# Sort not correct when sorting reviews



## JimJ (Mar 6, 2006)

When the reviews for particular areas are being viewed, if one clicks on the top of the resort name column the list will be resorted alphabetically.

However (Using Florida-Daytona area as an example), some of the resorts are named with an article (like "The") as the first part of their name.  Accordingly, "The Cove at Ormond Beach" gets sorted under the letter "T" instead of more properly under the letter "C".

Is there any reasonable way to get the resorts using such a naming scheme renamed in the TUG review section.  Dropping "The" sure would make it easier for members to find the resorts in the lists.

I looked in the back of the RCI Resort Directory and even they seem to get this right and don't sort such resorts under "T"  (quite an accomplishment for RCI).  

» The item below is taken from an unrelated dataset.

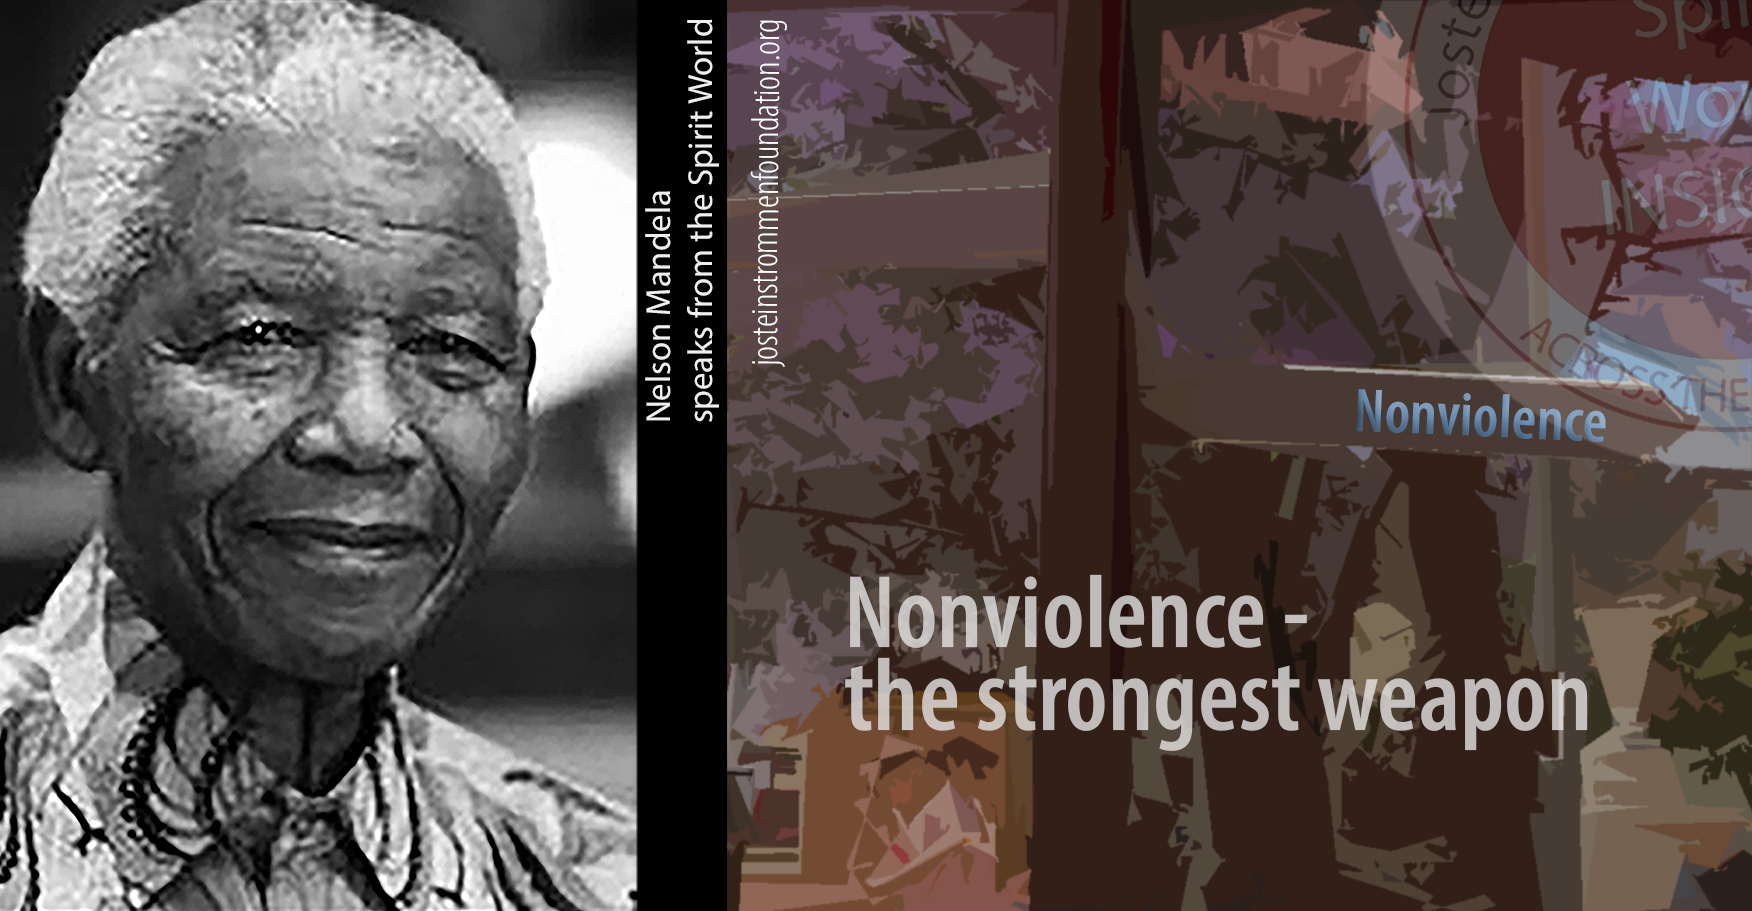 Nonviolence - the strongest weapon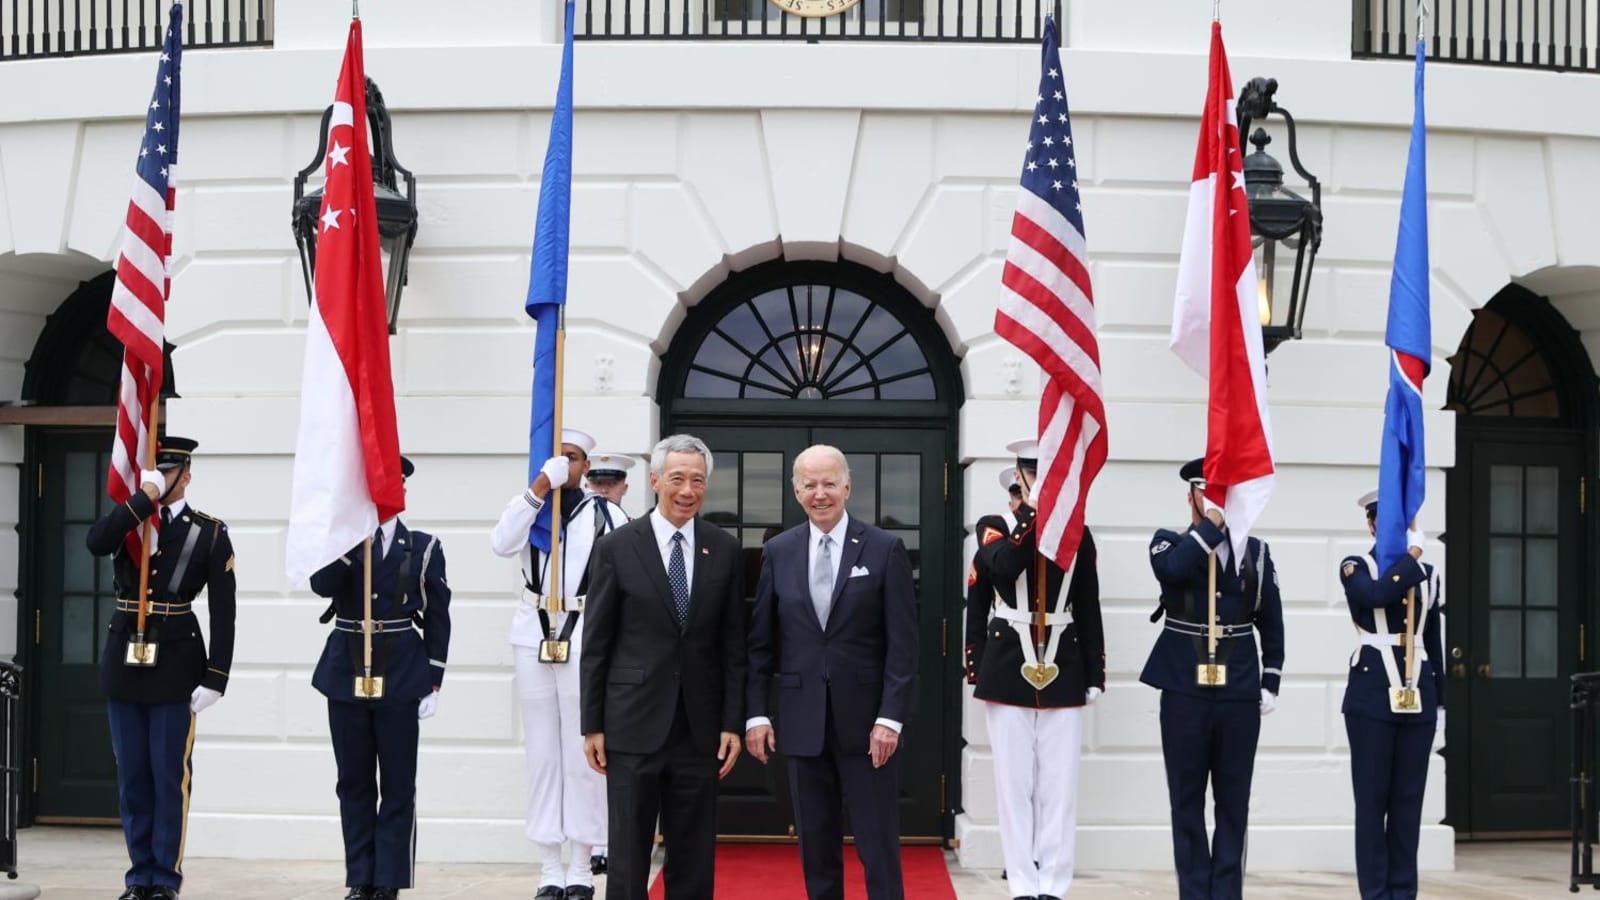 singapore-welcomes-proposed-indo-pacific-economic-framework-with-us:-pm-lee

I've communicated with Dave (the FLA review rep) and he advised me the the area review reps don't control the resort names, but rather it is controlled elsewhere.


----------



## billhall (Mar 6, 2006)

Actually the rep does control the name of the resort. The database was preloaded from the RCI/II etc pages but the rep can edit the name.
For example, I changed "The Bay Club ..." on the Big Island of Hawaii to 
"Bay Club ..." so it would be sorted better.  I rearranged some of the other names to fit better too but some resorts are still hidden behind "Fairfield", VI etc.


----------



## Keitht (Mar 6, 2006)

As Bill rightly says we, as Reps for the Resorts Database, can change the resort name.  I must admit that I never even thought about potential problems caused by 'The' as part of a resort name.  There was so much else to do when the resort information was transferred to the new system.  I concentrated on making certain the review information along with photos, 'Members Help' names and e-mail addresses, resorts addresses and phone numbers amongst other things were correct.
'The' can be moved to the end of the resort name simply enough but won't necessarily be high on the list of rep priorities.


----------



## JimJ (Mar 6, 2006)

Thanks, Bill and Keith, for your answers.  I know it is a low priority but if all the area reps could find a few minutes somewhere down the road to take a quick look at their area lists, I think they should all agree that it would make the reviews easier to use for those that aren't into the lists all the time.  As many have said over the years, the reviews are one of the great features of TUG.


----------



## Kel (Mar 7, 2006)

*Ditto*

Ditto what JimJ said.  Thanks TUG moderators!


----------



## Keitht (Mar 7, 2006)

JimJ said:
			
		

> if all the area reps could find a few minutes somewhere down the road to take a quick look at their area lists, I think they should all agree that it would make the reviews easier to use for those that aren't into the lists all the time.



Jim,

It will make life easier for everybody, not just those that dip into the reviews occasionally.


----------



## Keitht (Mar 16, 2006)

*Your wish is our command.*

As suggested by JimJ, 'The' has been moved to the end of resort names to avoid confusion when sorting reviews.


----------



## JimJ (Mar 19, 2006)

*Thanks*

To Keith and all others who may have helped.  Thanks for taking the suggestion seriously and making a change.


----------



## Keitht (Mar 19, 2006)

JimJ,

I like to think all suggestions are taken seriously     Not all suggestions can be acted on, but if possible they generally will be.


----------